Human induced pluripotent stem cell derived cardiomyocytes (hiPSC-CMs) were cultured on micropatterned collagen coated hydrogels of physiological stiffnesses to facilitate maturation and optical measurements were performed for their structural and functional analyses. Control groups were cultured on collagen coated glass well plates. These image recordings were used as the real data to train the GAN model.
The results show the GAN approach is able to replicate true features from the real data, and inclusion of such synthetic data significantly improves the classification accuracy compared to usage of only real experimental data that is often limited in scale and diversity.
The proposed model outperformed four conventional machine learning algorithms with respect to improved data generalization ability and data classification accuracy by incorporating synthetic data.

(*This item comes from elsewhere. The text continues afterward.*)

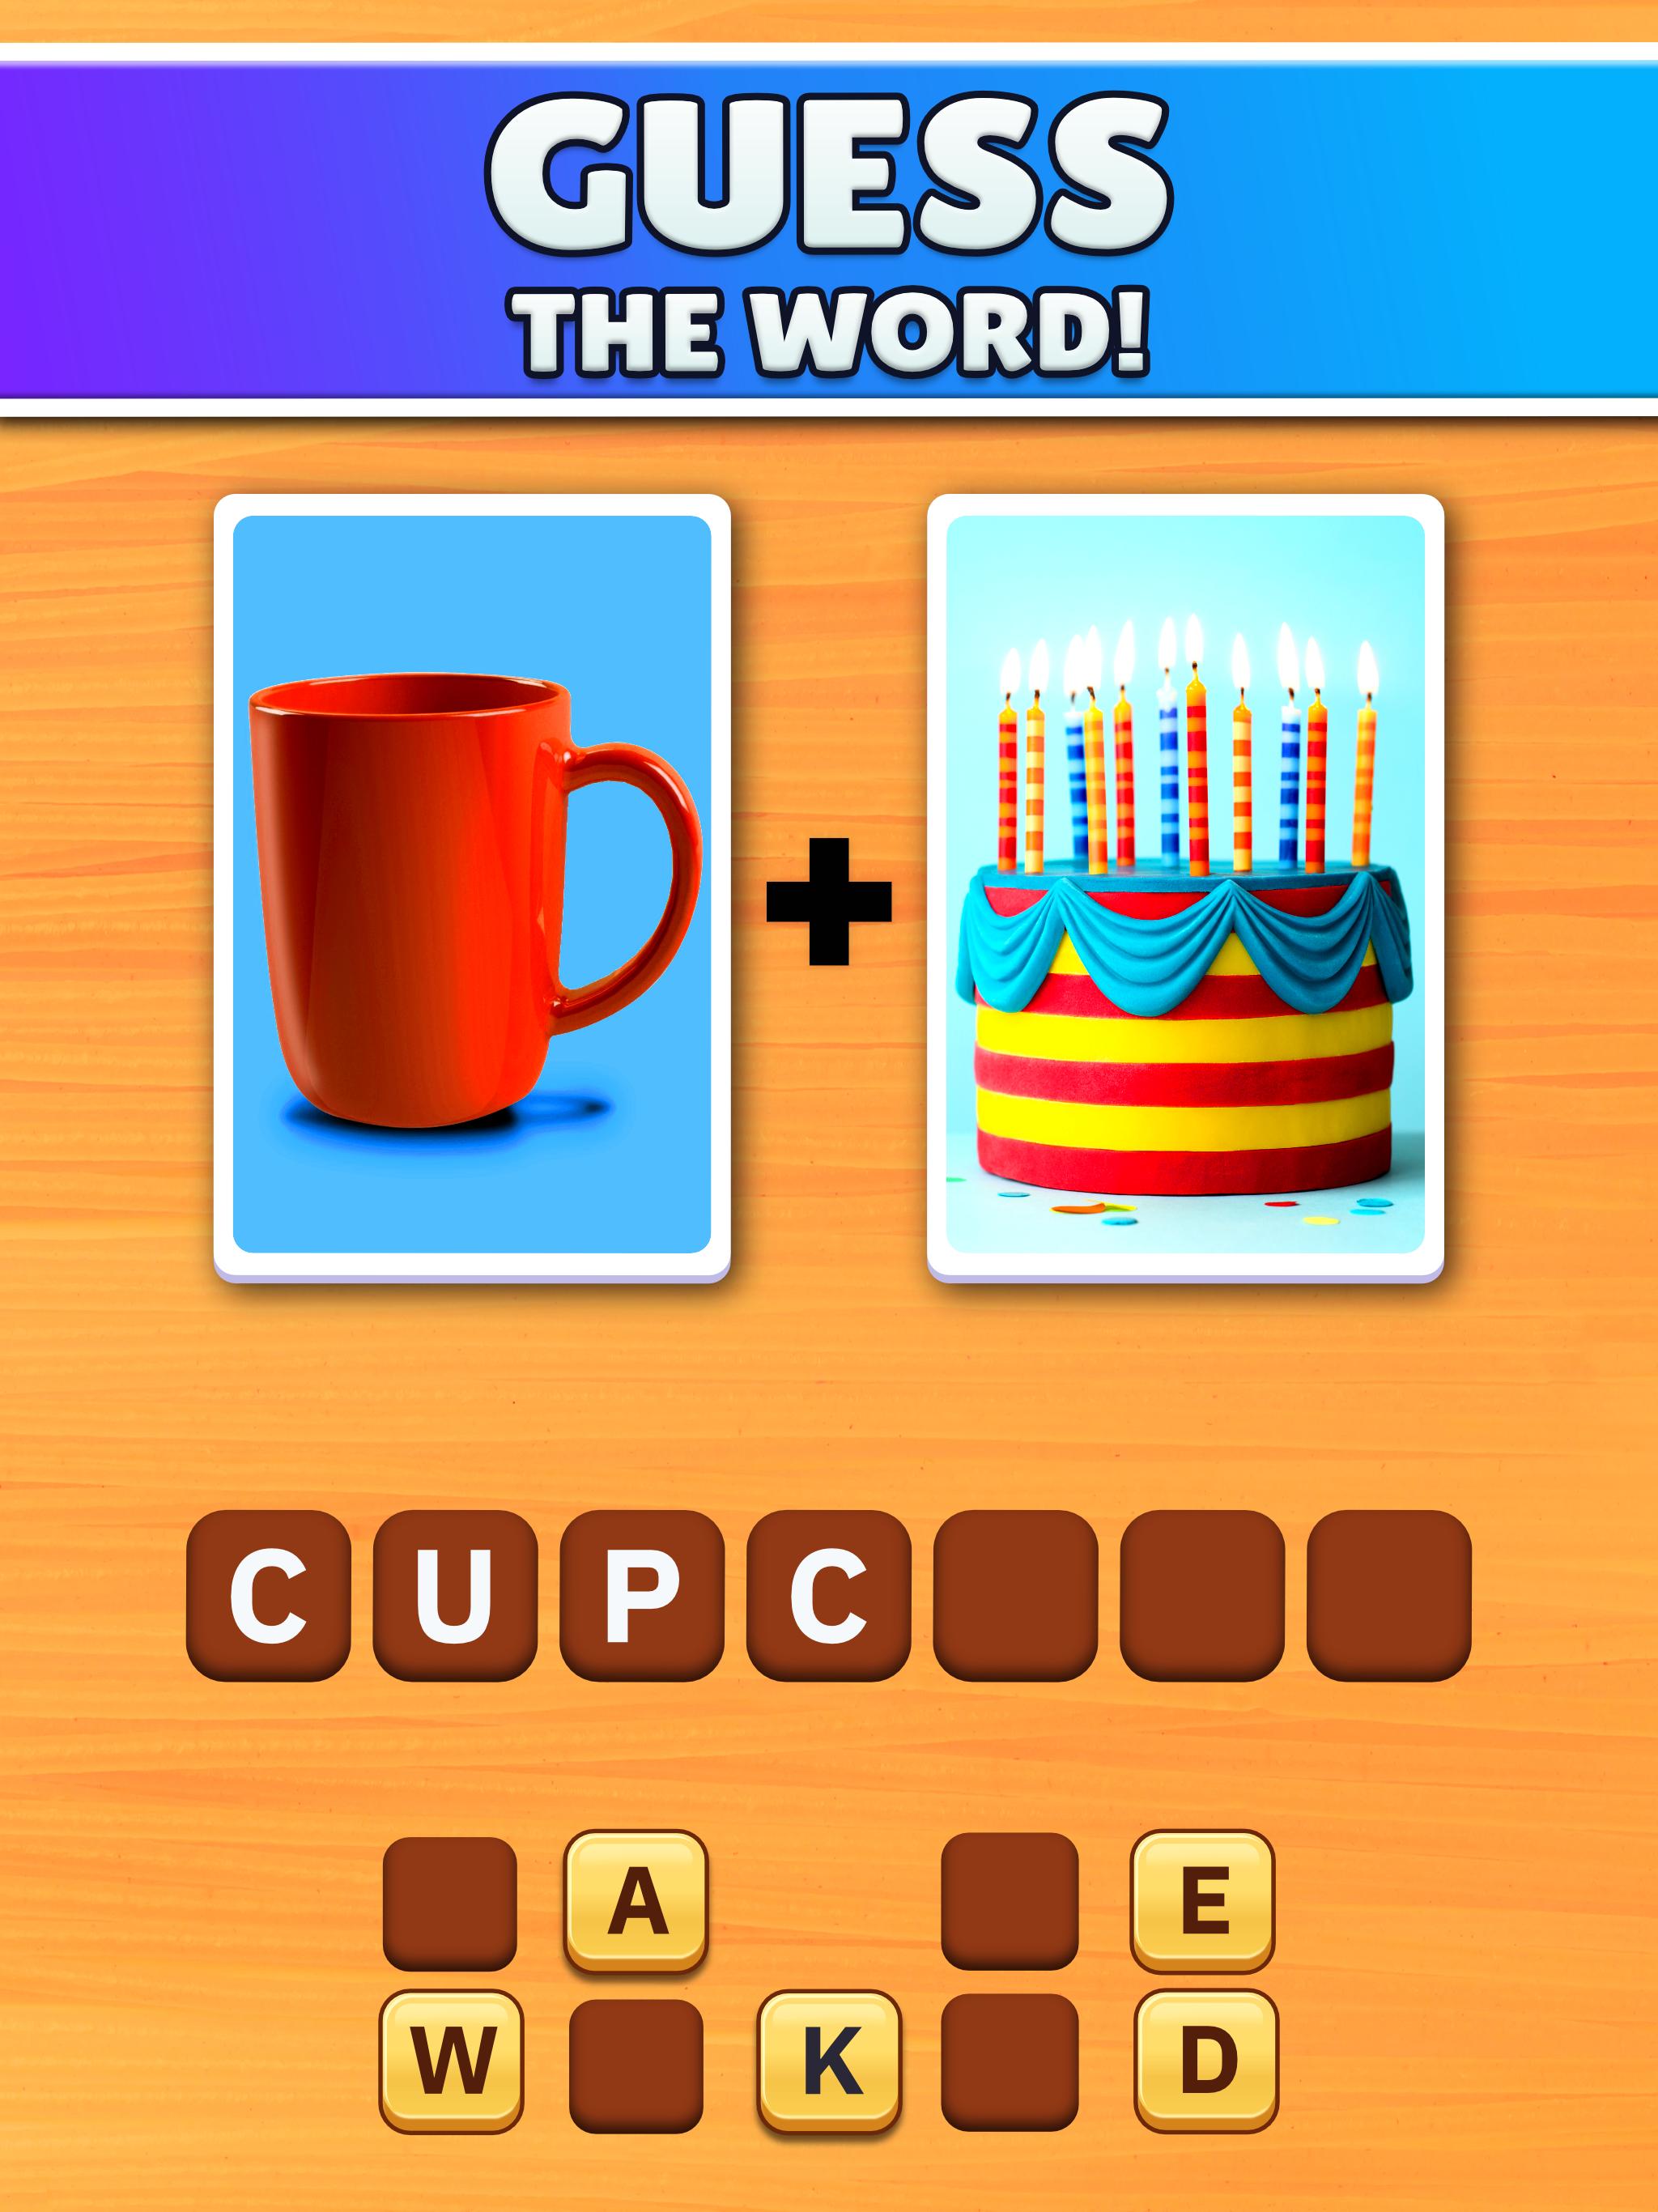 Wordgames com game 4 pics 1 word. Word games. Word pic. Pictures one Word game. Loaker вафли ответы к игре zoomquiz.

This work demonstrates the importance of integrating synthetic data in situations where there are limited sample sizes and thus, effectively addresses the challenges imposed by data availability.
我们的研究开发了一种基于生成对抗网络(GAN)的方法,该方法可生成人类心肌细胞在成熟过程中不同阶段的逼真合成图像数据,作为显著提高细胞分类准确性并最终辅助细胞结构和功能计算分析通量的工具。
将人诱导多能干细胞衍生的心肌细胞(hiPSC-CMs)培养在具有生理硬度的微图案化胶原包被水凝胶上以促进成熟,并对其进行结构和功能分析的光学测量。对照组在胶原包被的玻璃孔板上培养。这些图像记录用作训练GAN模型的真实数据。
结果表明,GAN方法能够从真实数据中复制真实特征,并且与仅使用规模和多样性通常有限的真实实验数据相比,包含此类合成数据可显著提高分类准确性。
通过合并合成数据,所提出的模型在提高数据泛化能力和数据分类准确性方面优于四种传统机器学习算法。
这项工作证明了在样本量有限的情况下整合合成数据的重要性,从而有效应对了数据可用性带来的挑战。